Kata ‘Al-Hayyu’ ini tidak sama dengan kata ‘Al-Hayyu’ yang tadi. Karena Firman-Nya ‘Al-Hayyu’ adalah khusus nama Allah. sementara firman-Nya, ‘يخرج الحي من الميت’ adalah nama ‘Hayyu’ khusus untuk makhluk. Akan tetapi keduanya satu ketika dikatakan secara umum tidak dikhususkan. Yang dinamai dikatakan secara umum itu tidak berada di luar (jangkauan pikiran). Akan tetapi akal memahami dari keumuman tersebut sesuai dengan kadar kebersamaan diantara dua nama tadi. Ketika dikhusukan, akan mengikat hal itu dimana dapat dibedakan antara kholik dari makhluk dan makhluk dari kholik (pencipta). Hal ini seharusnya (berlaku) untuk semua nama dan sifat Allah. difahami darinya apa yang menunjukkan (arti nama) itu dari sisi kesamaan dan kesatuan. Apa yang ditunjukkan dari penyandaran dan pengkhususan itu sebagai penghalang kesamaan makhluk dengan kholik dari sesuatu yang menjadi ciri kekhususan-Nya subhanahu Wa Ta’ala.
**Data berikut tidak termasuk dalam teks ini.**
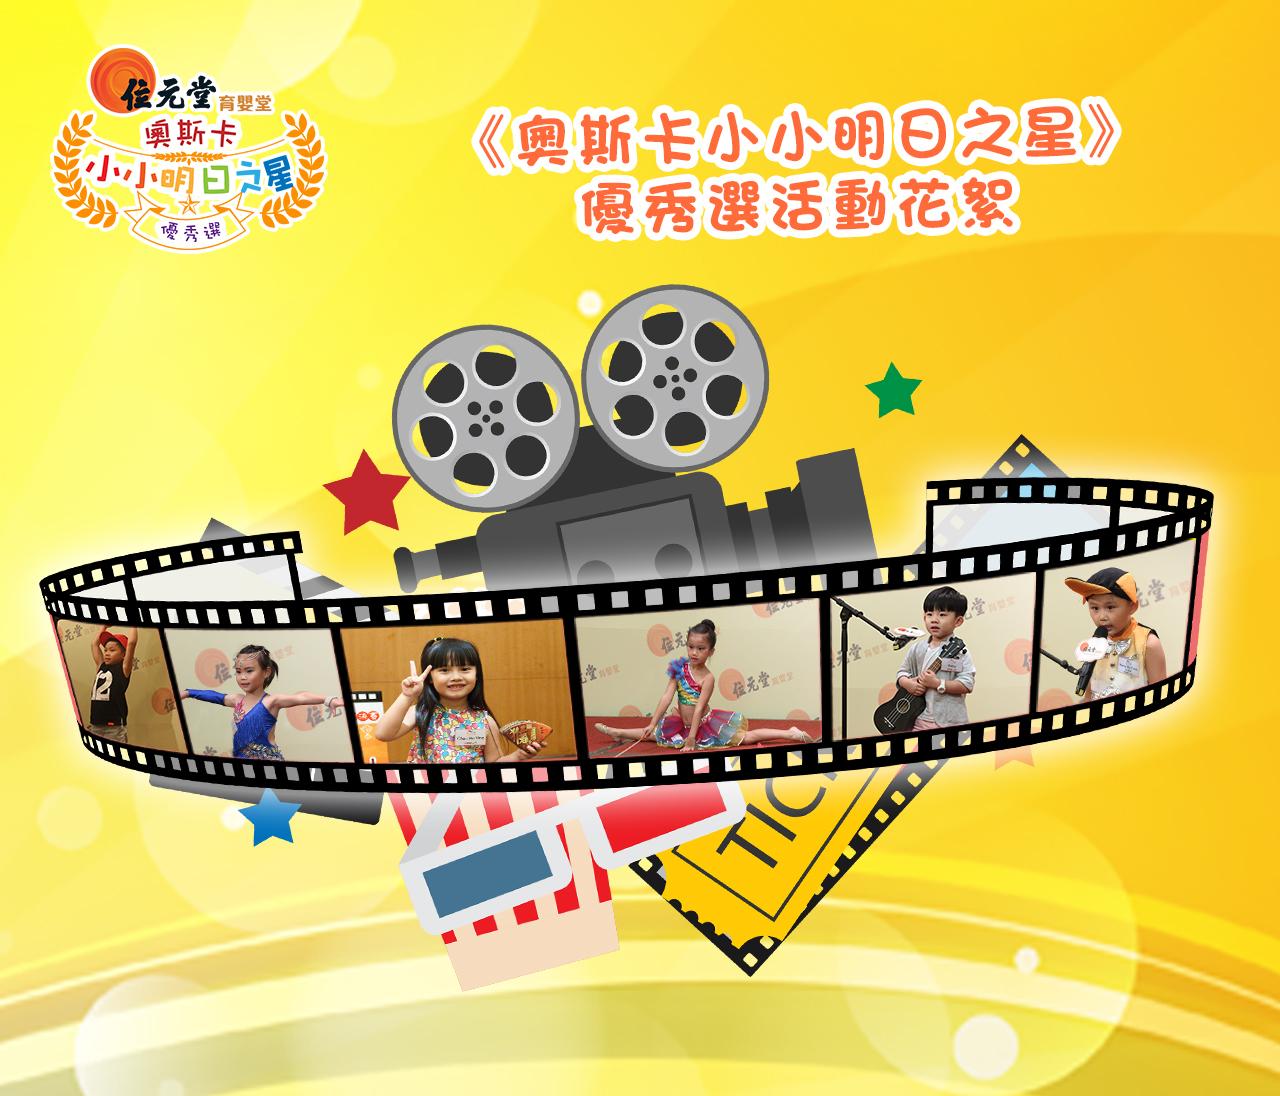 <!--:en-->Wai Yuen Tong BB Club Oscars Kids Competition 2016<!--:--><!--:cn-->位元堂育婴堂奥斯卡小小明日之星优秀选2016<!--:--><!--:hk-->位元堂育嬰堂奧斯卡小小明日之星優秀選2016<!--:-->

Maka menamai dirinya dengan ‘Al-Mukmin AL-Muhaimin’ dan sebagian hamba-Nya dinamai dengan AL-Mukmin’ dalam firman-Nya:

{ أفمن كان مؤمنا كمن كان فاسقا لا يستوون } 

“Apakah orang-orang beriman itu sama dengan orang-orang yang fasik? Mereka tidak sama.’ SQ. As-Sajdah: 18. Maka nama ‘Al-Mukmin’ disini tidak sama dengan nama ‘Al-Mukmin’ tadi. Selesai ‘Majmu’ Fatawa. 3/10-12 dengan ringkasan.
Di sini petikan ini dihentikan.